Pore size assessment during corneal endothelial cell permeabilization by femtosecond laser-activated carbon nanoparticles
Abstract
Purpose
Therapeutic molecules delivery represents a promising solution to maintain human corneal endothelial cells (HCECs) viability, but transport across cell membrane must be facilitated. A new delivery method consists in ephemerally permeabilizing cell membranes using a photo-acoustic reaction produced by carbon nanoparticles (CNPs) and femtosecond laser (FsL). The aim of this work is to investigate the size of pores formed at cell membrane by this technique.
Methods
To induce cell permeabilization, HCECs (B4G12 cell line) were put in contact with CNPs and irradiated with a 500 µm diameter Ti:Sa FsL focalized spot.
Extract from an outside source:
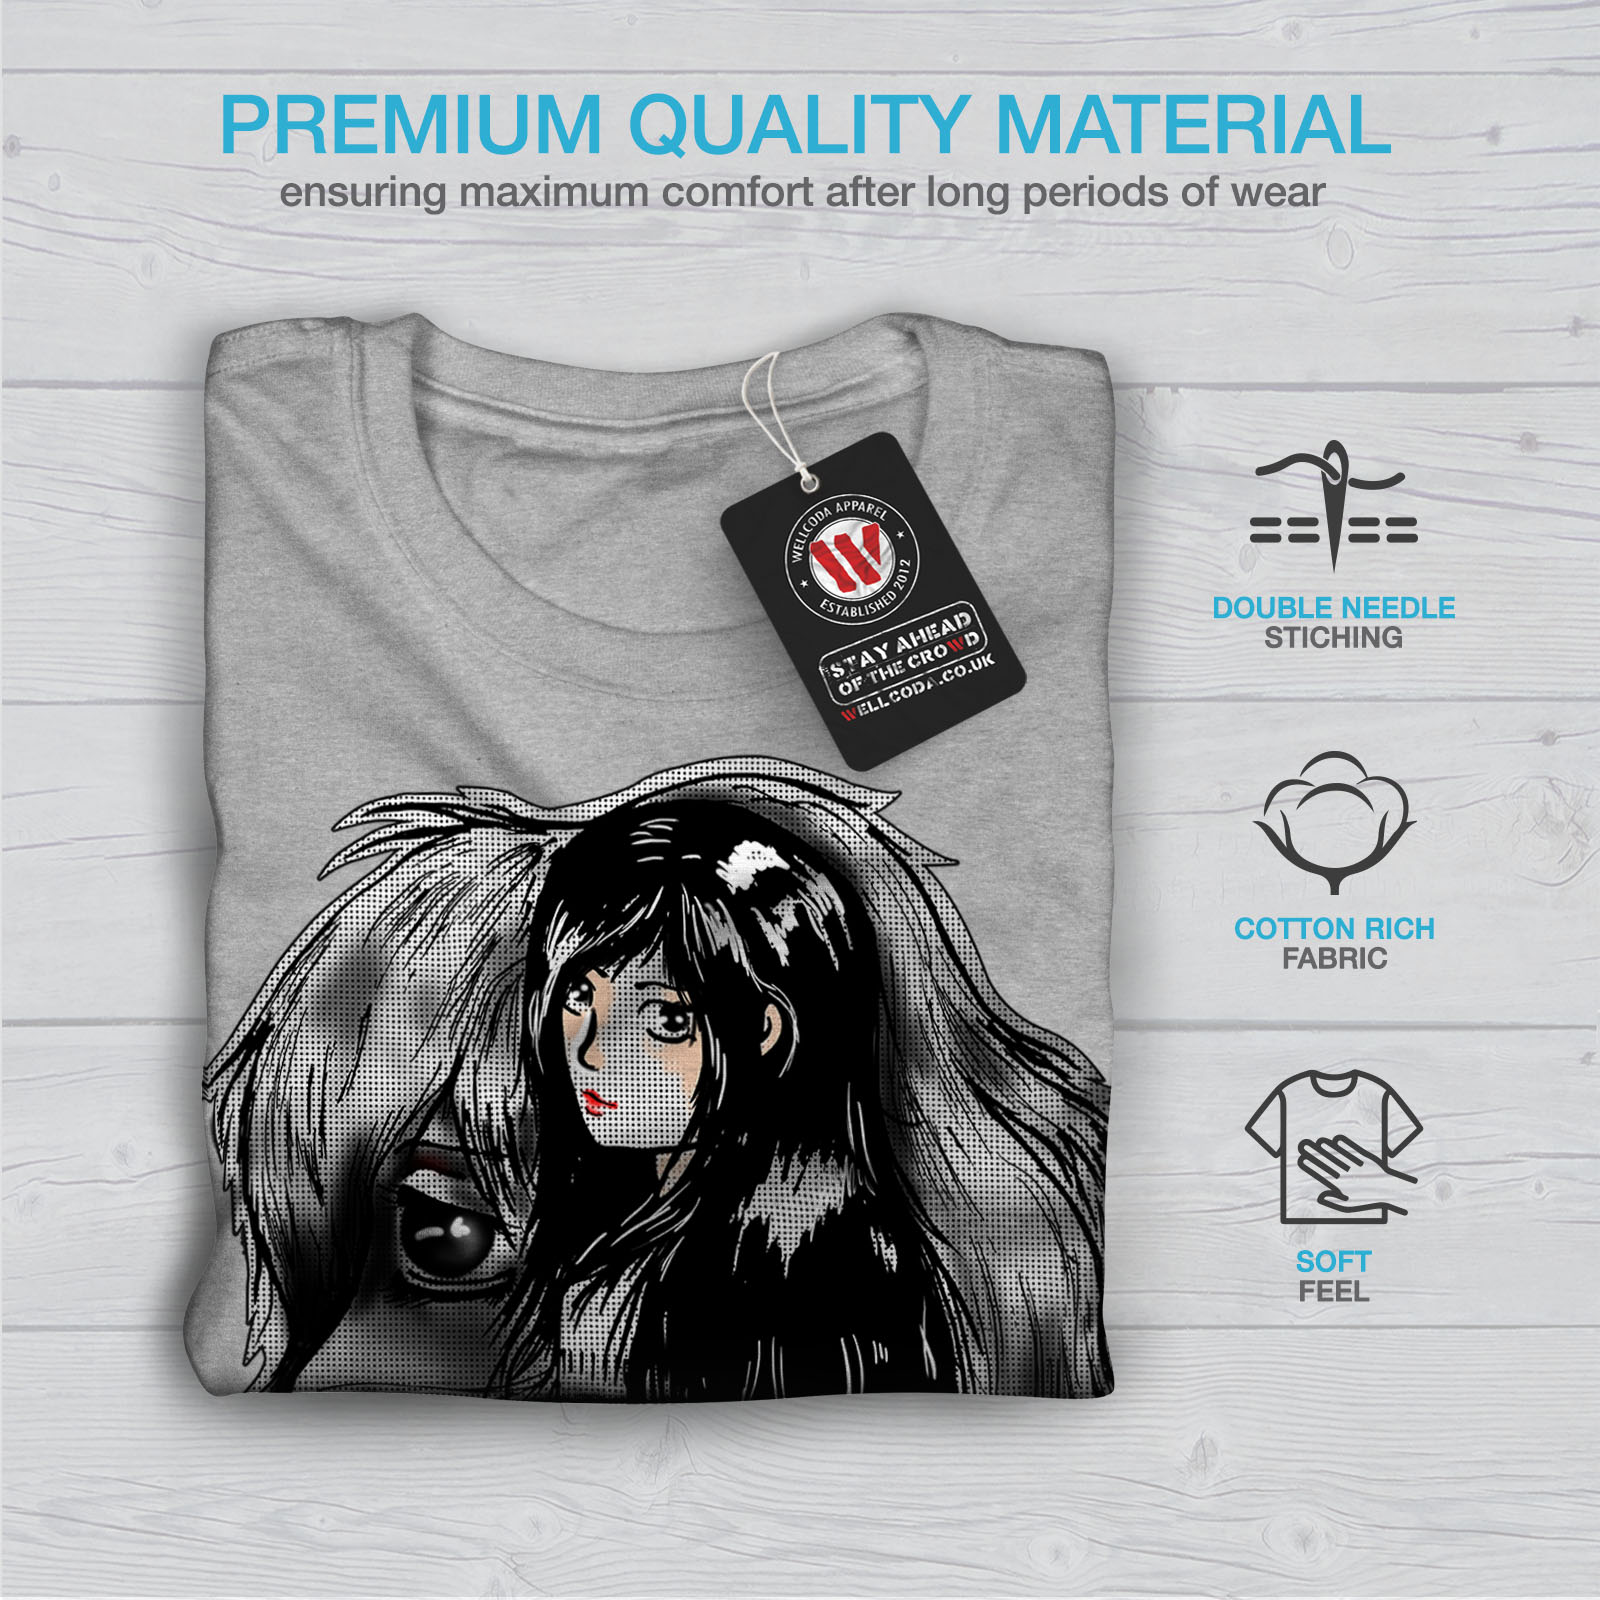 Wellcoda-bellissime-ANIME-Da-Uomo-T-shirt-misterioso-design-grafico-stampato-T-shirt miniatura 19

Four sizes of fluorescent reporter molecules were delivered into HCECs to investigate pore sizes: calcein (1.2 nm), FITC-Dextran 4 kDa (2.8 nm) and FITC-Dextran 70 kDa (12 nm) and FITC-Dextran 2MDa (50 nm). Uptake of each molecule was assessed by flow cytometry immediately after irradiation.
Results
The delivery rate was dependent of their size. Calcein was delivered in 56 ± 8% of HCECs, FITC-Dextran 4 kDa in 42 ± 4%, FITC-Dextran 70 kDa in 22 ± 3% and finally FITC-Dextran 2MDa in 13 ± 2%, suggesting that a large number of pores in the size ranging from 1.2 to 2.8 nm were formed. However, 12 nm and larger pores were almost half more infrequent.
Conclusions
Pore sizes formed at cell membrane by the technique of cell permeabilization by FsL activated CNPs were investigated for the first time. This innovative non-viral method is characterized by pore sizes large enough for the efficient delivery of small, medium and big therapeutic molecules on HCECs. GRANT: Fondation des Aveugles de France, Fondation de l'Avenir, Fondation Visaudio (ET1-638).